Experiment: Random Label Memorization

Random Label Memorization

Category: Machine Learning

Summary: Replicating the claim that deep networks can memorize random labels while comparing the speed, norms, and generalization costs of memorizing real versus corrupted targets.

A central result in modern deep learning is that large networks can fit random labels even when those labels contain no meaningful structure. This experiment revisits that finding on a controlled Gaussian-cluster task, asking how memorization dynamics change as labels move from real to partly corrupted to fully random.

The model trains the same network under several label conditions and records how long it takes to reach perfect training accuracy, how large the weight norms become, and how much test accuracy survives. Those measurements separate raw memorization capacity from useful generalization.

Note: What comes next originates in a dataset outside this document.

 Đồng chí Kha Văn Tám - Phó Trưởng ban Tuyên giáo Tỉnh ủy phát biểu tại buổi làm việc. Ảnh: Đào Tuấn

The value of the experiment is not in proving that memorization is possible, which is already known, but in quantifying how the burden of memorization shows up in optimization speed and parameter growth. That helps connect the phenomenon to broader questions about implicit bias and generalization.

Method: Repeated MLP training on Gaussian-cluster classification under real, partially corrupted, and fully random labels, with trajectory logging of accuracy, loss, and norms.

What is measured: Epochs to perfect training accuracy, final train and test loss, final weight norm, weight-norm ratio across label conditions, memorization-speed ratio, and generalization gap.